**WORK TO COMPLETE:** A line below contains "2015 198 Portugal Timor.jpg", and a later one contains "BONISKISS Crucifixo Páscoa". Repeat both, with every line between them, exactly.

**DATA RECORDS:**
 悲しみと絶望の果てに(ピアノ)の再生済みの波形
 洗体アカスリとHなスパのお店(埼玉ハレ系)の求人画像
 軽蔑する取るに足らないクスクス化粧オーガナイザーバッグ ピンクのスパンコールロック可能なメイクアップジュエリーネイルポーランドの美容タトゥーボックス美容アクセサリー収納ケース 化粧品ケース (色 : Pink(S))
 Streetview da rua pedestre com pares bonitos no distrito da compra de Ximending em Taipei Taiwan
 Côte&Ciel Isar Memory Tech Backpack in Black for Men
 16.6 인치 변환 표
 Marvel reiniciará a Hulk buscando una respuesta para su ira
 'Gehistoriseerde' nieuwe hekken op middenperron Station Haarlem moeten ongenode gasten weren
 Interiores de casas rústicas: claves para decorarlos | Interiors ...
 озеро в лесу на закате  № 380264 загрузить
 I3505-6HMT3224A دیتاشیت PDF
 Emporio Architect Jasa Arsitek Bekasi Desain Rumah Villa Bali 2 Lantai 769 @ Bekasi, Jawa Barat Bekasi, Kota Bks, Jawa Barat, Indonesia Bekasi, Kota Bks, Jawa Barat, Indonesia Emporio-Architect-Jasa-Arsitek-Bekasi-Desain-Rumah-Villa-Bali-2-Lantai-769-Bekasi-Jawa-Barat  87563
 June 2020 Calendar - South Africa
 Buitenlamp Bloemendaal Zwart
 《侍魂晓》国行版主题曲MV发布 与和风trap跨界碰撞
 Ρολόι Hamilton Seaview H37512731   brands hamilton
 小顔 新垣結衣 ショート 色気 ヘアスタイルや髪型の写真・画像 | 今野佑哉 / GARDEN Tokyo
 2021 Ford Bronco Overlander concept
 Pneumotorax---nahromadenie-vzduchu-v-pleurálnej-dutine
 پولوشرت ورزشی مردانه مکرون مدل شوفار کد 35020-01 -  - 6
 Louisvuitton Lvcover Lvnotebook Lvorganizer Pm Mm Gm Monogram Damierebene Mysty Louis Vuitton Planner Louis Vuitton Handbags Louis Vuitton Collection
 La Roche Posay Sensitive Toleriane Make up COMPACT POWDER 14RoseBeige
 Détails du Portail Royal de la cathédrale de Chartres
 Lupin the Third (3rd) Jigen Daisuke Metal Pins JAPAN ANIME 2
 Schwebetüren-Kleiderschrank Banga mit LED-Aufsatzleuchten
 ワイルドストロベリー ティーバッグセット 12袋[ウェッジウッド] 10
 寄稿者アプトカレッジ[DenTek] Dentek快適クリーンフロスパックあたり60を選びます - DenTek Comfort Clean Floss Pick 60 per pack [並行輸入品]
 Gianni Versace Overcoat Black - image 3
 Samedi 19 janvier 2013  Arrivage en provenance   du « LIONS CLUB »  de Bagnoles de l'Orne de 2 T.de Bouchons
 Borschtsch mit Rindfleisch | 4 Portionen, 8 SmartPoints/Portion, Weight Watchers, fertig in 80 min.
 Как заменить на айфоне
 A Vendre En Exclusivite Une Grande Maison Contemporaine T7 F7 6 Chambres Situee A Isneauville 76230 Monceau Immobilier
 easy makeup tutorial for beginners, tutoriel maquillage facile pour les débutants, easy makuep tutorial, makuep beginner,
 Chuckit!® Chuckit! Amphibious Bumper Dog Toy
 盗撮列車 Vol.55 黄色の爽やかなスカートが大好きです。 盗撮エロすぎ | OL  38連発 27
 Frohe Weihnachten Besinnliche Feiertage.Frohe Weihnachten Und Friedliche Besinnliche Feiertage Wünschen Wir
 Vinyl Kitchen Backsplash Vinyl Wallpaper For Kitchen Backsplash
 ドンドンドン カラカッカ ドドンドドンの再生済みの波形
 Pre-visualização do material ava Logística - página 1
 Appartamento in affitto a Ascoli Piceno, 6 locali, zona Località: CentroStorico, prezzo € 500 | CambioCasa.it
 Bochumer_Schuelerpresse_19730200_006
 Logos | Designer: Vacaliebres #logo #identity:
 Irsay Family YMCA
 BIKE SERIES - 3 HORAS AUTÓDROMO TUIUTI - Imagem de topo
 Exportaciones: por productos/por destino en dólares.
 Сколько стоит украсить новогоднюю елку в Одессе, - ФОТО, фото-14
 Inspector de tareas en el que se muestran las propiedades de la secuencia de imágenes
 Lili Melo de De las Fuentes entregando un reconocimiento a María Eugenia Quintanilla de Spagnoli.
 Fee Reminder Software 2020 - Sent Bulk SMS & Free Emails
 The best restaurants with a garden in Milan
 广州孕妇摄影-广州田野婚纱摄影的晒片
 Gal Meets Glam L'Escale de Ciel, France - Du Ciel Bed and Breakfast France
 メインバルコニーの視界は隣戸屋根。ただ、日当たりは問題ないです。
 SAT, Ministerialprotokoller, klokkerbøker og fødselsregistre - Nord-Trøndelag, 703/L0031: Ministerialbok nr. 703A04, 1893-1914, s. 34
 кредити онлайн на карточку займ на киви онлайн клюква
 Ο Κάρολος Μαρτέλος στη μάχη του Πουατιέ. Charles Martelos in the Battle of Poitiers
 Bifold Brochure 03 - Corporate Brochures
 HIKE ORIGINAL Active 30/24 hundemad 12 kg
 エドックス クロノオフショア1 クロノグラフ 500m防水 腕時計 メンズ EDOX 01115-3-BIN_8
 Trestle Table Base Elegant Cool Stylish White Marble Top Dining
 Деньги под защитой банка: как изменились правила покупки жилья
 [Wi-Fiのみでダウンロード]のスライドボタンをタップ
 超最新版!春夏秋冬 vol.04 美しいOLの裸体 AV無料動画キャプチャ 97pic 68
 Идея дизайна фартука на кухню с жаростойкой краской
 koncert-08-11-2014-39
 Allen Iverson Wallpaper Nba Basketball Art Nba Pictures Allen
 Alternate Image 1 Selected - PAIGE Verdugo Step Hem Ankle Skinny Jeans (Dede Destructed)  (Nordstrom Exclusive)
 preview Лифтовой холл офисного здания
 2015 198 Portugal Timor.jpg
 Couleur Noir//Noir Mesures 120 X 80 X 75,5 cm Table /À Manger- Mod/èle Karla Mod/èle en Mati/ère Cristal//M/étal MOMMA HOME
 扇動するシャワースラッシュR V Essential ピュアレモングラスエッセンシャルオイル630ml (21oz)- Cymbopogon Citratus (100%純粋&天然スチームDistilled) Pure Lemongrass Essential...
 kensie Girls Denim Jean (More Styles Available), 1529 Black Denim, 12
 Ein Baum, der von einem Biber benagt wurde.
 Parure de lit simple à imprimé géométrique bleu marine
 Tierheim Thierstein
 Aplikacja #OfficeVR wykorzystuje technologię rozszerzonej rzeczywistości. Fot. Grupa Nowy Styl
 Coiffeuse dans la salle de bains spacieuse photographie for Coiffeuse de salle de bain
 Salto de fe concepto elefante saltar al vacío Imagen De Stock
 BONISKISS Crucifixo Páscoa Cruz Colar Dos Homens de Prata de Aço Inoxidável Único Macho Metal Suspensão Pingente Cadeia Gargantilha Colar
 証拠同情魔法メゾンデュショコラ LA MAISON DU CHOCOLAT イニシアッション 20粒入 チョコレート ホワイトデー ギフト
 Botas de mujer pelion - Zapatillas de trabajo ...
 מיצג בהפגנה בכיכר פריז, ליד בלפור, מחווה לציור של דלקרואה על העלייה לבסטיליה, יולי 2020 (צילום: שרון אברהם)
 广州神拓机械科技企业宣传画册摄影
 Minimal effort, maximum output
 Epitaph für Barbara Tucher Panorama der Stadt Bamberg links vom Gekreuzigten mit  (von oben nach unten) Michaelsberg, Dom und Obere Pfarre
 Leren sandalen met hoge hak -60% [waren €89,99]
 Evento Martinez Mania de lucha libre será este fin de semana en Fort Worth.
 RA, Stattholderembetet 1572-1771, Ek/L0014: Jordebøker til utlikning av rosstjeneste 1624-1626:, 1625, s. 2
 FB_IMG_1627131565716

**TASK ANSWER:**
 2015 198 Portugal Timor.jpg
 Couleur Noir//Noir Mesures 120 X 80 X 75,5 cm Table /À Manger- Mod/èle Karla Mod/èle en Mati/ère Cristal//M/étal MOMMA HOME
 扇動するシャワースラッシュR V Essential ピュアレモングラスエッセンシャルオイル630ml (21oz)- Cymbopogon Citratus (100%純粋&天然スチームDistilled) Pure Lemongrass Essential...
 kensie Girls Denim Jean (More Styles Available), 1529 Black Denim, 12
 Ein Baum, der von einem Biber benagt wurde.
 Parure de lit simple à imprimé géométrique bleu marine
 Tierheim Thierstein
 Aplikacja #OfficeVR wykorzystuje technologię rozszerzonej rzeczywistości. Fot. Grupa Nowy Styl
 Coiffeuse dans la salle de bains spacieuse photographie for Coiffeuse de salle de bain
 Salto de fe concepto elefante saltar al vacío Imagen De Stock
 BONISKISS Crucifixo Páscoa Cruz Colar Dos Homens de Prata de Aço Inoxidável Único Macho Metal Suspensão Pingente Cadeia Gargantilha Colar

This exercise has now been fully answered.